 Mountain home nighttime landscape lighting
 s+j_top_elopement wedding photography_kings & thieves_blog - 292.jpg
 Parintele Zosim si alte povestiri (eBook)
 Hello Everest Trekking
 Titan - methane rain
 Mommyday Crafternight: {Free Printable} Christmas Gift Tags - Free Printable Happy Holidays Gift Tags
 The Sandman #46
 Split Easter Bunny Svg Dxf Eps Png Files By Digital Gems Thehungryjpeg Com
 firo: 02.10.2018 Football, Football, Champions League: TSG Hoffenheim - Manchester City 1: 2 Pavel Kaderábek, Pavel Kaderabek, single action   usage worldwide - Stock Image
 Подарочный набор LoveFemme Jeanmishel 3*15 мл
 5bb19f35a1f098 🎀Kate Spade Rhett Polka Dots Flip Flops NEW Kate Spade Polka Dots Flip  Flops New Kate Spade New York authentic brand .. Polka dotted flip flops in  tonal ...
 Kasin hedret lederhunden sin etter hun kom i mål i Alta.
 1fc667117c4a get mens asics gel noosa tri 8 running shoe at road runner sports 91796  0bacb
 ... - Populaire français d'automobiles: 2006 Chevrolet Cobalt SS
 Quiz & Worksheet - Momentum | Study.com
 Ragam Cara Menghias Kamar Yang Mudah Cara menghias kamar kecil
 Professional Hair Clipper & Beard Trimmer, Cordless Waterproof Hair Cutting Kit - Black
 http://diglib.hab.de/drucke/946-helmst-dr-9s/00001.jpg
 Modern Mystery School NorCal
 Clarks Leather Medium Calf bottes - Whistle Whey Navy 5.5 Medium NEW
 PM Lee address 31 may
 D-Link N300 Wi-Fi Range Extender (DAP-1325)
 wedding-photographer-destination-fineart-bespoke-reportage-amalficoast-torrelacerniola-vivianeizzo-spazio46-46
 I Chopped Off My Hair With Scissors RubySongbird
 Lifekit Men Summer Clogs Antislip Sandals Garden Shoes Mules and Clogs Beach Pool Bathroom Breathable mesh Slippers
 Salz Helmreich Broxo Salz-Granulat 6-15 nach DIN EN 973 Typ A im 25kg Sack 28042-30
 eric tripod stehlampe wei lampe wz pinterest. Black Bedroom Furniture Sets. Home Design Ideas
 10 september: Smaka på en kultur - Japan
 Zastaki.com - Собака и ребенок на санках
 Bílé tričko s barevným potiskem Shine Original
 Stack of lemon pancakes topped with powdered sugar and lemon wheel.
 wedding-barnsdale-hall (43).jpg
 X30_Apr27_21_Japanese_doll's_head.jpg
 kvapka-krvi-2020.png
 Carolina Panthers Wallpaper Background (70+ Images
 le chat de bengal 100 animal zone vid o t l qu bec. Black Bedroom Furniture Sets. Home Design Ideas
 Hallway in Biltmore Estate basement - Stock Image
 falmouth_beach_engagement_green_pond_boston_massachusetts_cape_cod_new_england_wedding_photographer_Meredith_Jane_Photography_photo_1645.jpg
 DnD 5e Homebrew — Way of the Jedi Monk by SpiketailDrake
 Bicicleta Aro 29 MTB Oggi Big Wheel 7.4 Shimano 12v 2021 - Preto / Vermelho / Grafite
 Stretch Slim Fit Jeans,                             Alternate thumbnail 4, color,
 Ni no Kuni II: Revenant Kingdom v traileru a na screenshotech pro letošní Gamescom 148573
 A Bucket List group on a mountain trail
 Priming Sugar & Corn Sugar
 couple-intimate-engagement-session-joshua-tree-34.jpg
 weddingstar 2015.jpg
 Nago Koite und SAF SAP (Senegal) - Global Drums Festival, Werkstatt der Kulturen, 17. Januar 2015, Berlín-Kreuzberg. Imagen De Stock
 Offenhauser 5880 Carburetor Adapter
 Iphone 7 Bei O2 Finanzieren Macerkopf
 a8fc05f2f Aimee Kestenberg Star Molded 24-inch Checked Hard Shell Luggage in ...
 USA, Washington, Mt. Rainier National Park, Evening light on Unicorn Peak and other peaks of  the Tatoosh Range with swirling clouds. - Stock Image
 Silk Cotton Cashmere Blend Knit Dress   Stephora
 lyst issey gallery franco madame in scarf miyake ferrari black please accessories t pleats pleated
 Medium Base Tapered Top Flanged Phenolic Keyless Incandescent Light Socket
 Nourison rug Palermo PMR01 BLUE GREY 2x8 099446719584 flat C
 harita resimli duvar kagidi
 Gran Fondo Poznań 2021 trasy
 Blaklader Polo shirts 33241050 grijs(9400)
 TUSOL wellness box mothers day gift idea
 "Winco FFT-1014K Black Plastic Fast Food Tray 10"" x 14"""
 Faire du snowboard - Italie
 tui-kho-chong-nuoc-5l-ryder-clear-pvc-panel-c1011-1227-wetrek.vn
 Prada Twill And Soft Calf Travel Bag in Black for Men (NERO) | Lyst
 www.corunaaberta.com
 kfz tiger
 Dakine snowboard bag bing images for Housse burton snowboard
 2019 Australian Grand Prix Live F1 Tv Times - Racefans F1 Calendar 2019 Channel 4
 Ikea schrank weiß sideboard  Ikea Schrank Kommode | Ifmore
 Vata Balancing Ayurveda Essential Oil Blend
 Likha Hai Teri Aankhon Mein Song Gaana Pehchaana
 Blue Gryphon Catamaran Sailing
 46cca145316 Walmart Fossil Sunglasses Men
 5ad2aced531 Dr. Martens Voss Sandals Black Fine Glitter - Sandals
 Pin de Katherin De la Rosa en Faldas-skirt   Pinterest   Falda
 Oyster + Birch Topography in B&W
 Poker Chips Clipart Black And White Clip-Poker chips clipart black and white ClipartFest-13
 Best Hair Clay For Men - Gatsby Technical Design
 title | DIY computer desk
------------------------------------------------------------
Print the lines above from the one with "le chat de bengal" through the one with "Gran Fondo Poznań 2021 trasy", both included, exactly as written and nothing more.

Answer area:
 le chat de bengal 100 animal zone vid o t l qu bec. Black Bedroom Furniture Sets. Home Design Ideas
 Hallway in Biltmore Estate basement - Stock Image
 falmouth_beach_engagement_green_pond_boston_massachusetts_cape_cod_new_england_wedding_photographer_Meredith_Jane_Photography_photo_1645.jpg
 DnD 5e Homebrew — Way of the Jedi Monk by SpiketailDrake
 Bicicleta Aro 29 MTB Oggi Big Wheel 7.4 Shimano 12v 2021 - Preto / Vermelho / Grafite
 Stretch Slim Fit Jeans,                             Alternate thumbnail 4, color,
 Ni no Kuni II: Revenant Kingdom v traileru a na screenshotech pro letošní Gamescom 148573
 A Bucket List group on a mountain trail
 Priming Sugar & Corn Sugar
 couple-intimate-engagement-session-joshua-tree-34.jpg
 weddingstar 2015.jpg
 Nago Koite und SAF SAP (Senegal) - Global Drums Festival, Werkstatt der Kulturen, 17. Januar 2015, Berlín-Kreuzberg. Imagen De Stock
 Offenhauser 5880 Carburetor Adapter
 Iphone 7 Bei O2 Finanzieren Macerkopf
 a8fc05f2f Aimee Kestenberg Star Molded 24-inch Checked Hard Shell Luggage in ...
 USA, Washington, Mt. Rainier National Park, Evening light on Unicorn Peak and other peaks of  the Tatoosh Range with swirling clouds. - Stock Image
 Silk Cotton Cashmere Blend Knit Dress   Stephora
 lyst issey gallery franco madame in scarf miyake ferrari black please accessories t pleats pleated
 Medium Base Tapered Top Flanged Phenolic Keyless Incandescent Light Socket
 Nourison rug Palermo PMR01 BLUE GREY 2x8 099446719584 flat C
 harita resimli duvar kagidi
 Gran Fondo Poznań 2021 trasy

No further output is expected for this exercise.